In France, the PCF was the decisive organizational center of the left-wing No vote during the campaign. Without the local and material logistics the PCF brought to the other progressive components of the No vote, the victory undoubtedly would not have been possible. For perhaps the first time in France, a historical opportunity for a popularly supported union of the left has been opened. It is vital not to waste this opportunity, in particular by excessive criticisms or by regressive alliances. There is no certainty that the left forces will avoid these pitfalls in the 2007 presidential election.

Second Moment: The Uprising in the Cités of the Suburbs, October–November 2005

Many things have been written, in France and abroad, that misrepresent the events that the media called the “insurrection of the suburbs” or “urban guerrilla warfare,” which took place from the end of October (following the death under suspicious conditions of two young people pursued by the police force in Clichy-sous-Bois, near Paris) to the end of November 2005 (after the extension of the state of emergency for three months by the government).6 Exaggeration of the disorders reached a ridiculous level when the embassies of several foreign countries published safety instructions for their nationals residing in French territory. France was not in flames.

The disorders took place only in or near the cités or districts of the suburbs where large numbers of the very poorest families are confined in towers and walls of concrete.7 The young people who revolted against the established order focused their attack on property, setting fire to cars by the thousands, police stations, shopping centers, banks, and so on, but not against people—except for the police force. Without condoning the forms of gratuitous violence against property that sometimes occurred—particularly when public property (schools and public transportation) were affected—much of France recognized this revolt as justified and, indeed, considered the explosion as absolutely inevitable.

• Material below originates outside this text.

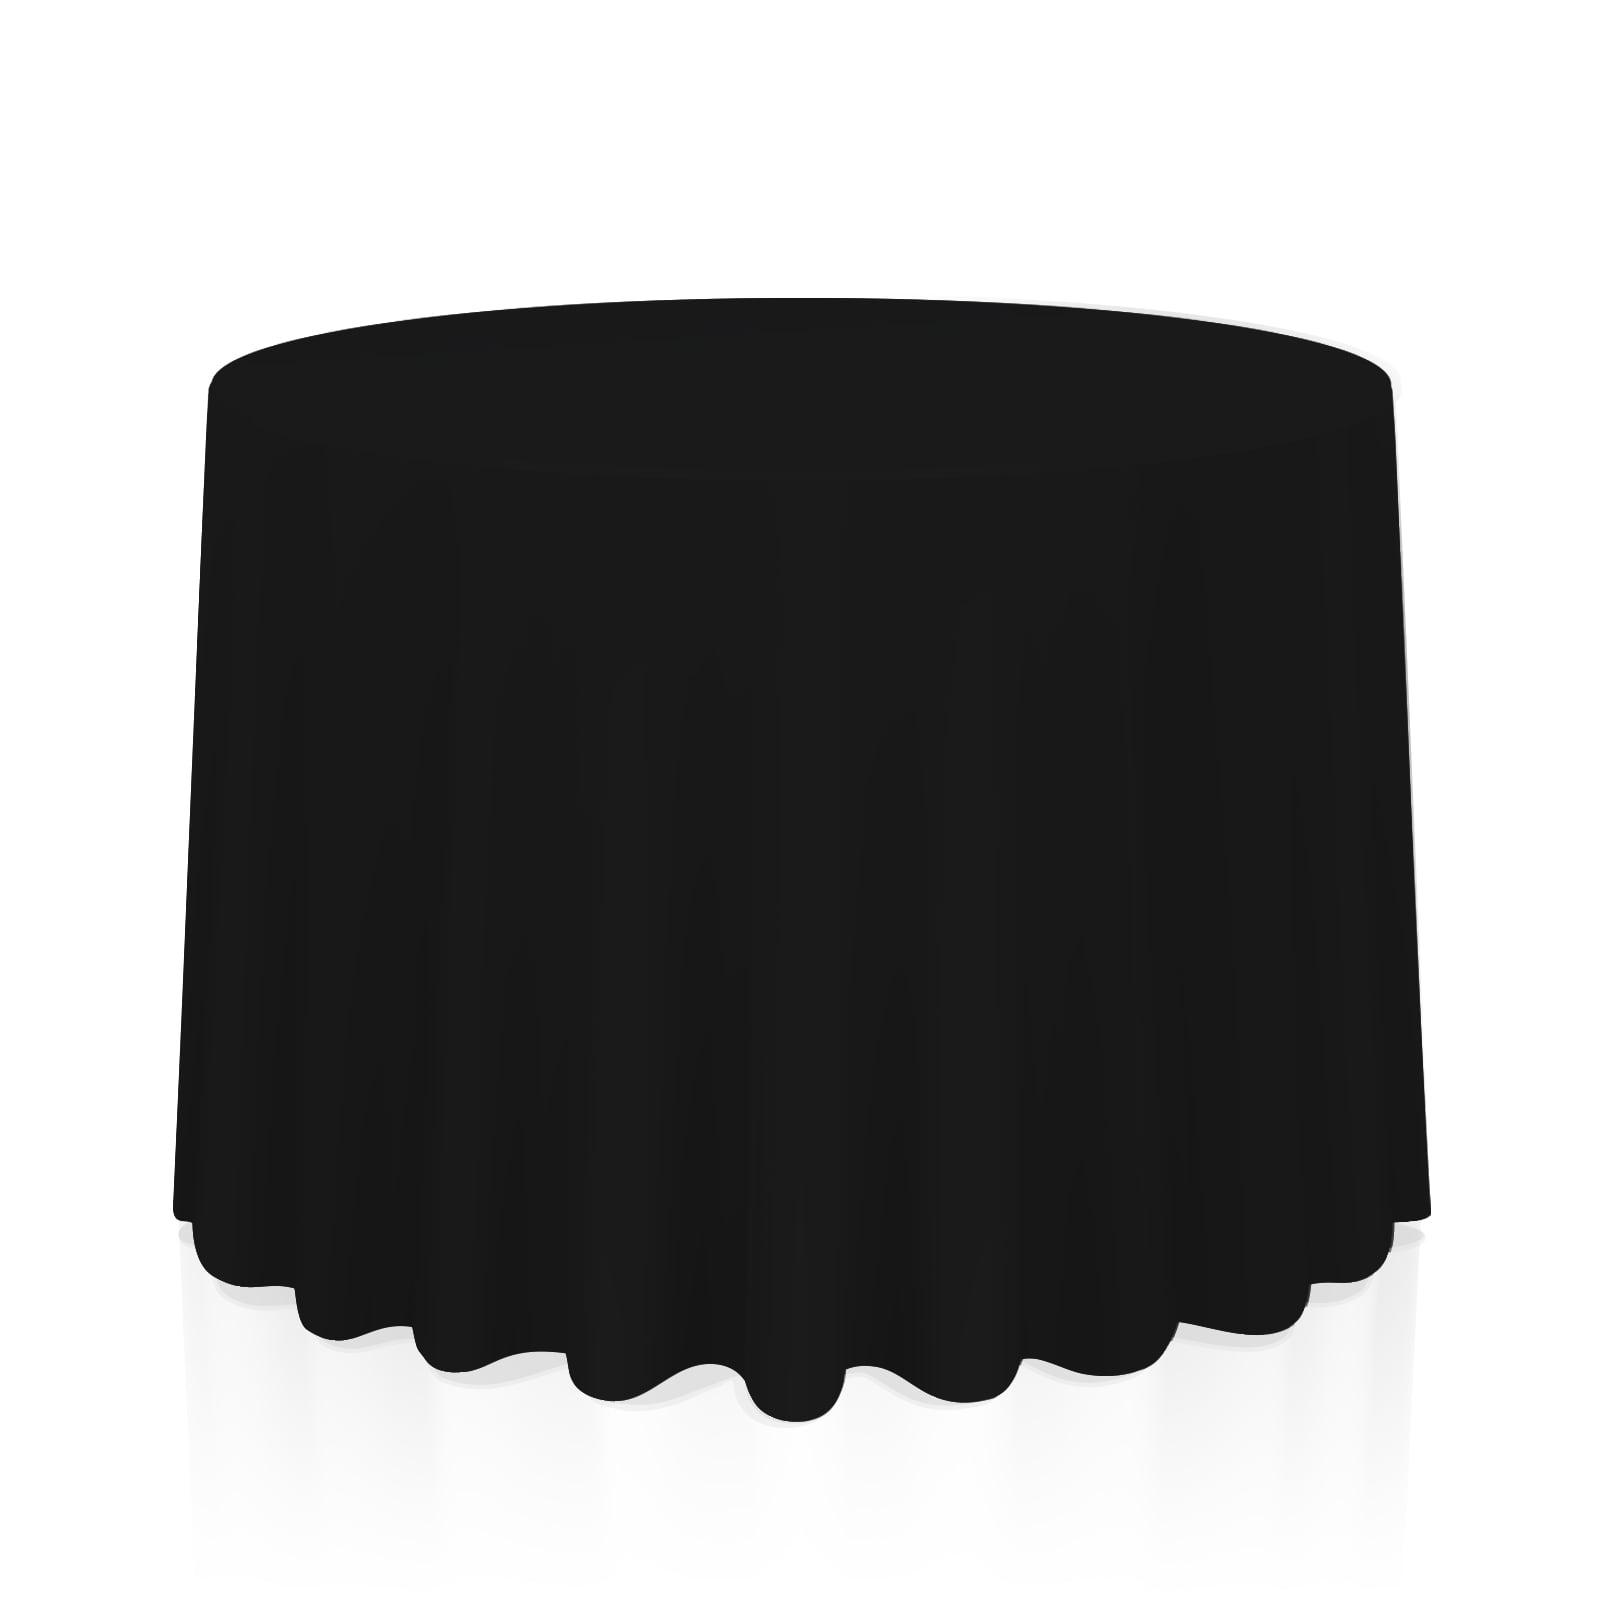 Lann's Linens 10 Premium Round Tablecloths for Wedding   Banquet   Restaurant Polyester... by Lann's Linens

We all know the capitalist society that we are part of offers nothing to these youths: neither decent housing, education leading to stable employment, hope of social advancement—nor social recognition. Plus it does not listen to them. The most tangible connection that these young people maintain with the state consists of being stopped, questioned, and searched by the police—in ways that are sometimes brutal and always intimidating and humiliating.

Many observers spoke out, and rightly so, against the repression directed at the youths, but they generally concentrated their criticisms on Minister of the Interior Sarkozy, a candidate in the 2007 presidential election. His resignation, and it alone, would have obviously not resolved the difficulties of the suburbs. Provocations from Sarkozy, who expressed his desire to use a high-pressure hose to “clean” the cités of the “rabble” who “pollute” them, were received by the inhabitants of these districts as the insults they were intended to be, but also as a demonstration of hatred against the poor in general. The working class as a whole, all those who undergo and resist the destructive offensive of neoliberalism, felt they were his targets.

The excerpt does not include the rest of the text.